Roald Dahl

(Llandaff, 1916 – Oxford, 1990) Escritor británico conocido especialmente como autor de narraciones infantiles y juveniles, pese a que su producción para adultos fue también de destacable calidad. Muchos de sus relatos se han convertido en películas de gran éxito internacional.

(Biografia)

Su padre, de origen noruego, murió cuando el futuro escritor sólo tenía tres años. Esta desaparición dejó en apuros económicos a la familia, que hubo de trasladarse a una casa más pequeña. La madre prefirió seguir viviendo en Inglaterra antes que regresar a Noruega, cumpliendo con ello el deseo de su marido de educar a sus hijos en escuelas británicas.

Fue precisamente la estricta educación inglesa, que incluía fuertes castigos, lo que menos agradaba al pequeño Roald. Sus momentos más felices los vivía en verano, cuando viajaba con su madre y sus hermanos a Noruega. No brilló especialmente en sus estudios, aunque destacó en actividades deportivas como el boxeo.

Más interesado por la acción y la aventura que por el esfuerzo intelectual, al cumplir los dieciocho años se hizo explorador, en lugar de matricularse en la Universidad, como quería su madre. Luego trabajó como vendedor hasta que, a los veintitrés años de edad, se alistó como aviador para luchar en la Segunda Guerra Mundial, y sirvió en las Fuerzas Aéreas Reales en Libia, Grecia y Siria. En las campañas del continente africano su avión fue alcanzado en varias ocasiones por los disparos del enemigo, y en una ocasión llegó a ser derribado. Dahl salvó la vida de milagro, aunque tenía heridas tan graves que fue enviado a casa.

Su primera recopilación de relatos (Over to You; 10 Stories of Flyers and Flying, 1946) evocaría los horrores vividos en la guerra. Recuperado de sus heridas, en 1942 fue destinado a Washington como experto en asuntos de aviación de guerra; hasta 1945 trabajó para la Seguridad británica en Estados Unidos. Fue allí donde empezó a hacerse famoso como escritor, al ponerse a narrar en periódicos y revistas su visión de la guerra.

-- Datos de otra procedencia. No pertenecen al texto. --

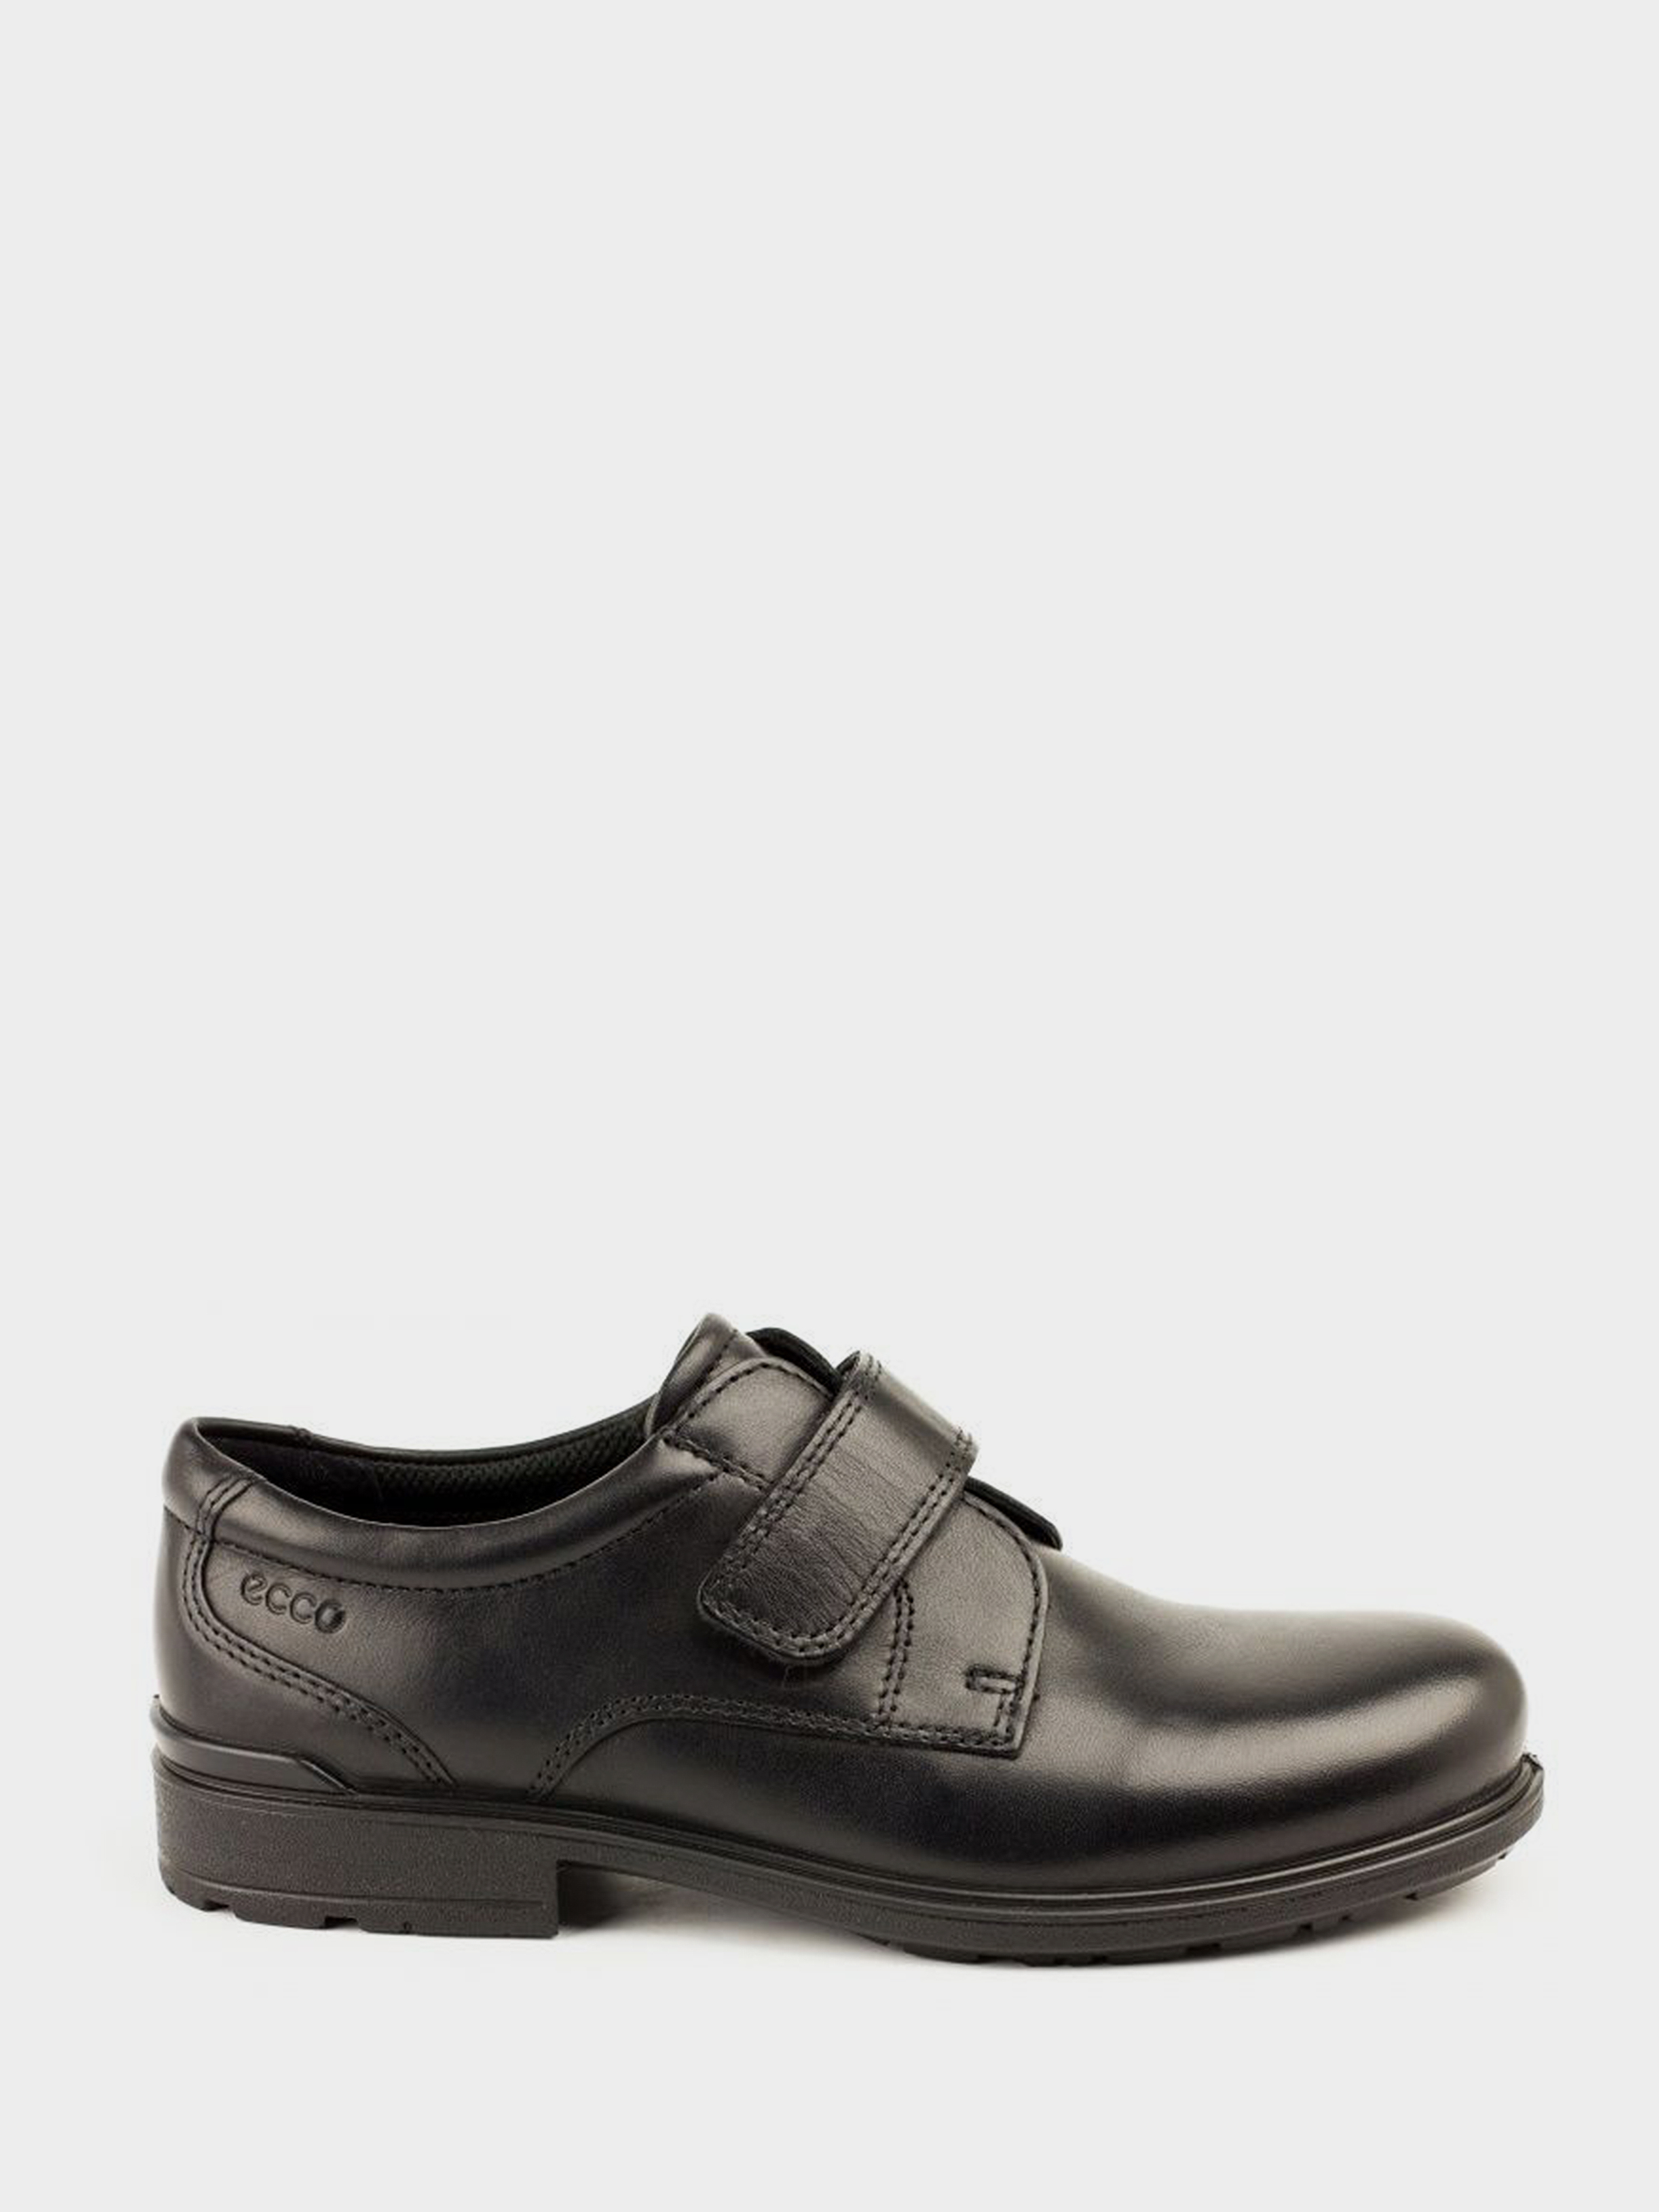 Туфли для детей ECCO COHEN ZK2746 размерная сетка обуви, 2017

Casado en 1953, fue padre de cuatro hijos a los que acostumbraba a contar cuentos que a menudo se convertían en novelas. Su primer libro para niños había sido Los gremmlins (1943). Pronto obtuvo grandes éxitos con títulos como James y el melocotón gigante (1961) y Charlie y la fábrica de chocolate (1964).

Por esa época sufrió también graves reveses: vio morir a su pequeña hija Olivia en 1962, y, tres años después, su esposa Patricia Neal sufrió una peligrosa enfermedad que estuvo a punto de dejarla ciega e inválida. Para colmo de males, su hijo Theo sufrió un grave accidente de carretera que le causó daños en el cerebro cuando sólo tenía tres años. Dahl pasó muchos meses trabajando en una válvula especial que servía para sacar líquidos de la cabeza de su hijo y permitía a éste vivir con normalidad, sin tener que permanecer conectado a una máquina.

A pesar de estas desgracias, Dahl logró salir adelante y continuó escribiendo obras que le hacían cada vez más famoso en todo el mundo. Con Matilda, uno de sus últimos libros (convertido también en película de gran éxito), batió todos los records de ventas. No hay que olvidar, sin embargo, la importancia de su narrativa para adultos, en la que cultivó variados géneros. También fueron frecuentes sus colaboraciones con el cine; escribió, entre otros muchos, varios guiones para la serie de películas de James Bond.

La obra de Roald Dahl

Aunque es recordado especialmente por sus narraciones para niños y jóvenes, (La fábrica de Chocolate, Matilda; El dedo mágico; James y el melocotón gigante, Los gremmlins ….) Roald Dahl escribió numerosas obras para adultos de indudable interés y calidad, entre las que sobresale RELATOS DE LO INESPERADO una brillantísima colección de cuentos de intriga y humor negro. MI TIO OSWALD (1979) se halla muy cercano a la ficción futurista: trata sobre la venta de espermatozoides de los hombres más brillantes del planeta. Otras obras destacadas fueron LA VENGANZA ES MÍA, GÉNESIS Y CATÁSTROFE, HISTORIAS EXTRAORDINARIAS y EL GRAN CAMBIAZO. Dahl sobresalió especialmente en el cuento corto, con historias mordaces e impactantes rayanas en la irrealidad y lo morboso o macabro en muchos casos; en ellas creó un clima amenazante, extraño, vinculado a la irracionalidad, combinando agudamente el humor negro con el suspense.